#### [Required action]
Whenever a picture appears, leave it out while repeating all the other data exactly.

#### [Recorded data]
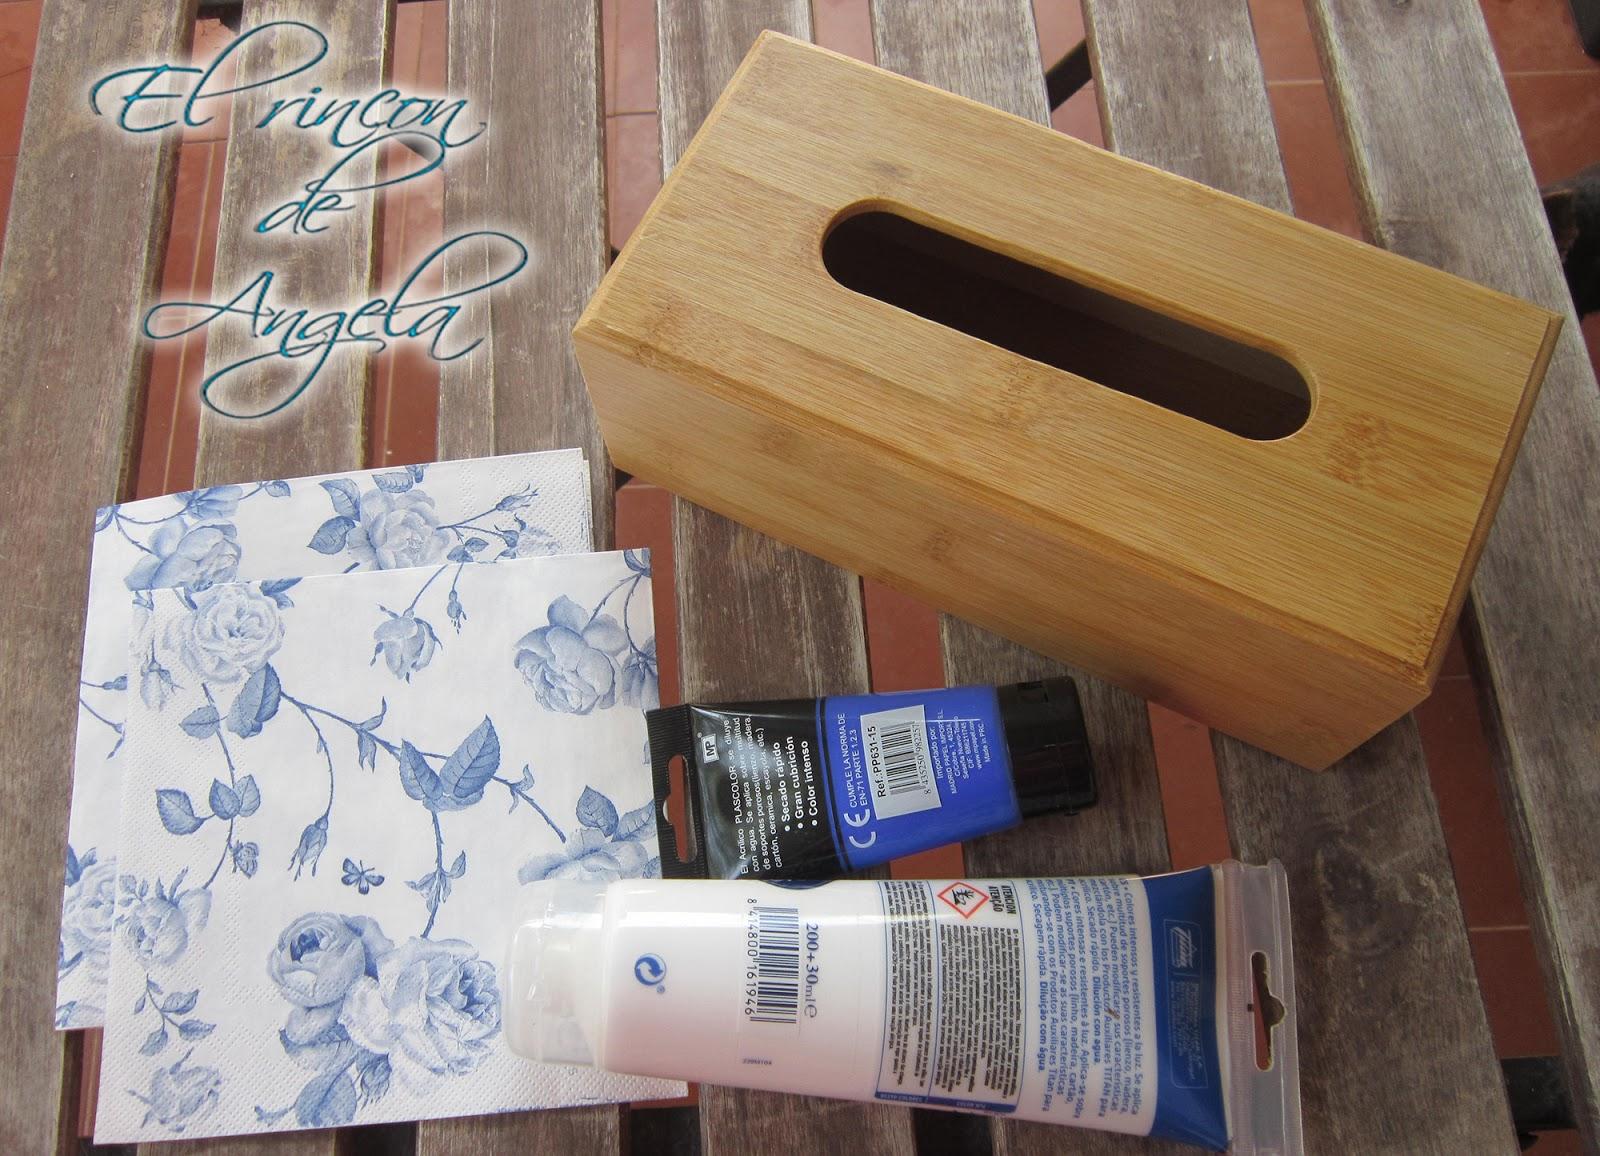 El rincon de angela como decorar con decoupage una caja - El rincon azul de angela ...
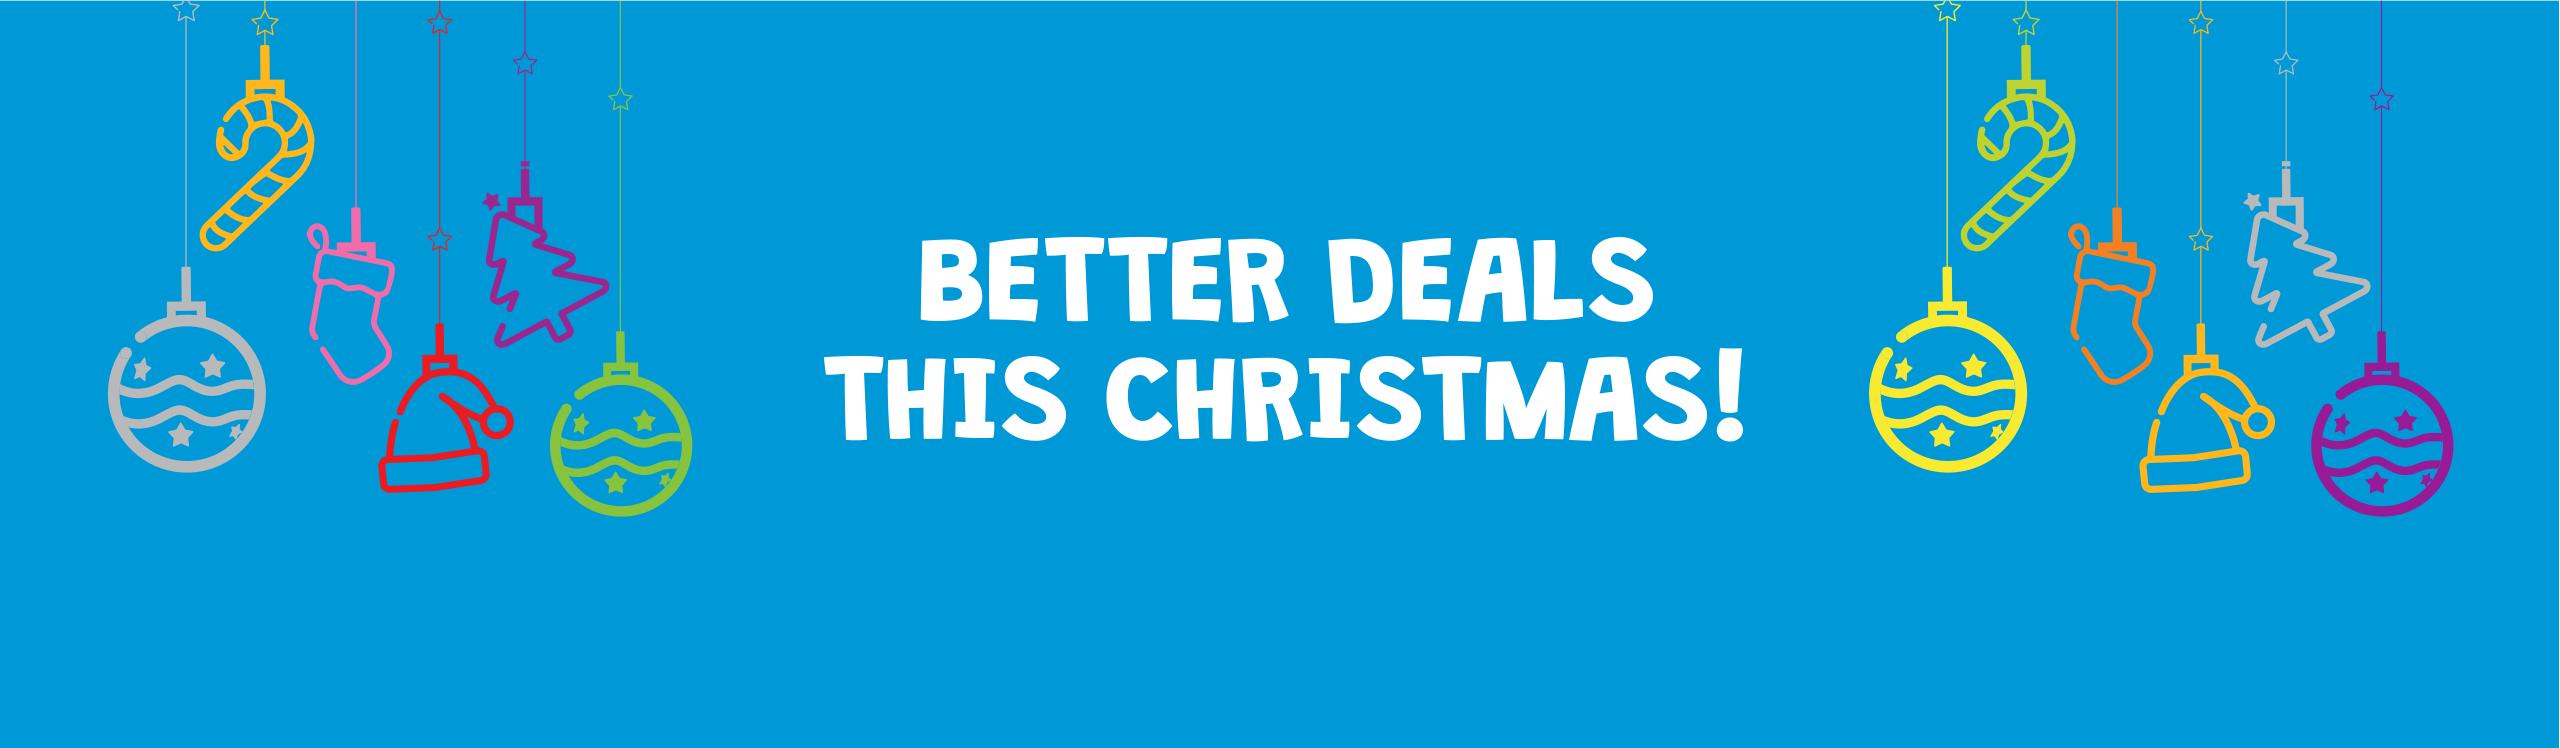 Christmas offer 2019
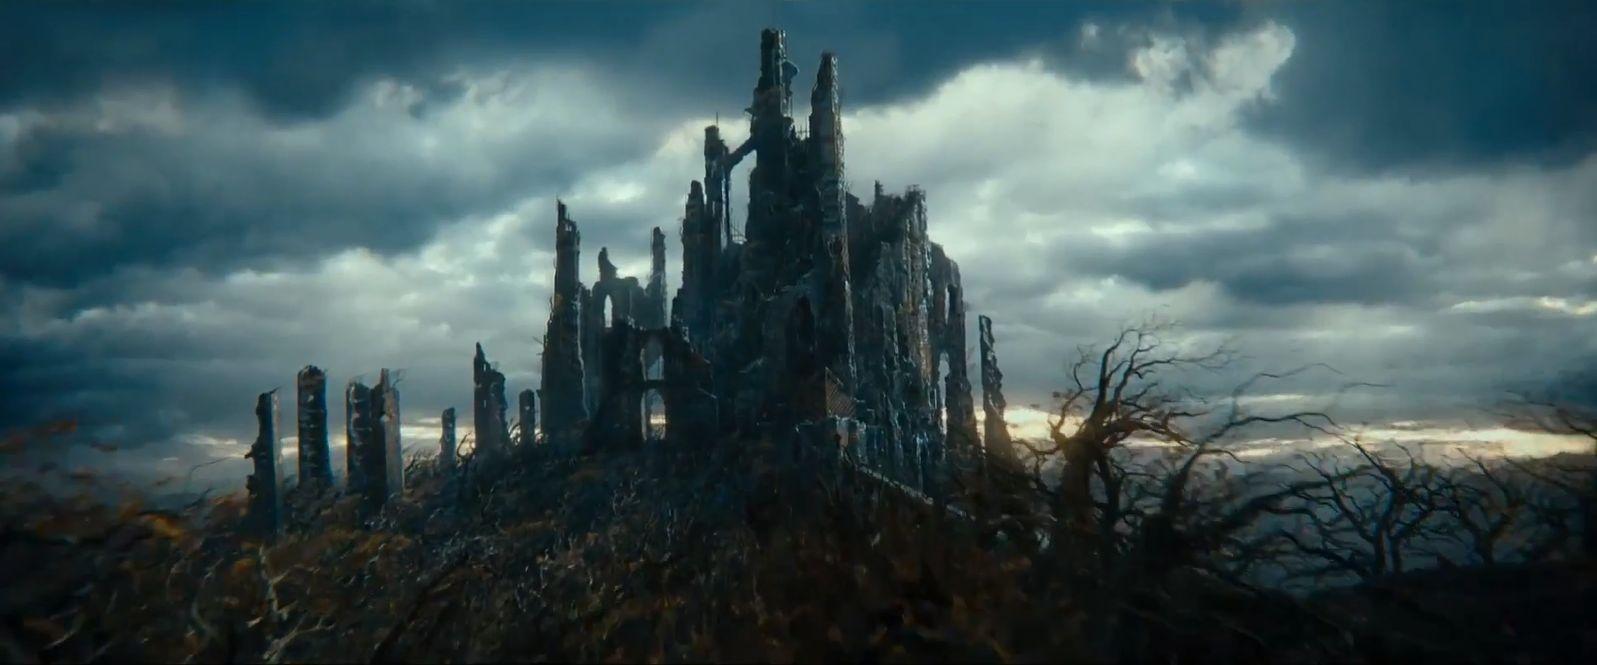 ¿Cómo se llamaba la fortaleza de Sauron en el Bosque Negro?
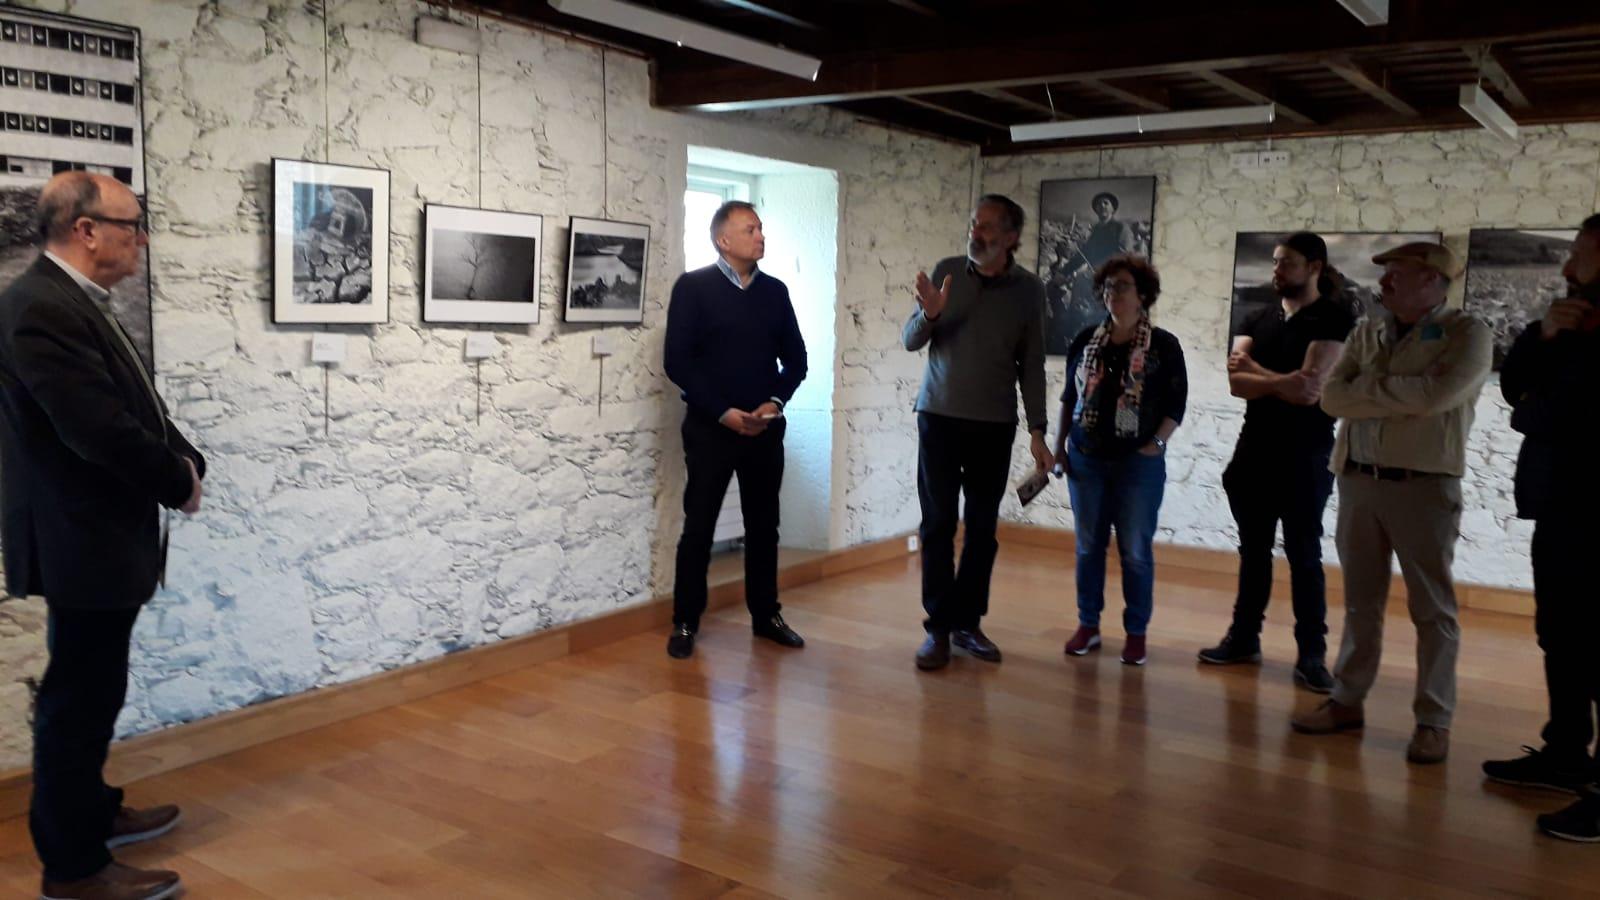 exposición Anxo Cabada, castelo de Pambre, Instituto de Estudos Ulloáns

#### [Answer to the problem]
 El rincon de angela como decorar con decoupage una caja - El rincon azul de angela ...
 Christmas offer 2019
 ¿Cómo se llamaba la fortaleza de Sauron en el Bosque Negro?
 exposición Anxo Cabada, castelo de Pambre, Instituto de Estudos Ulloáns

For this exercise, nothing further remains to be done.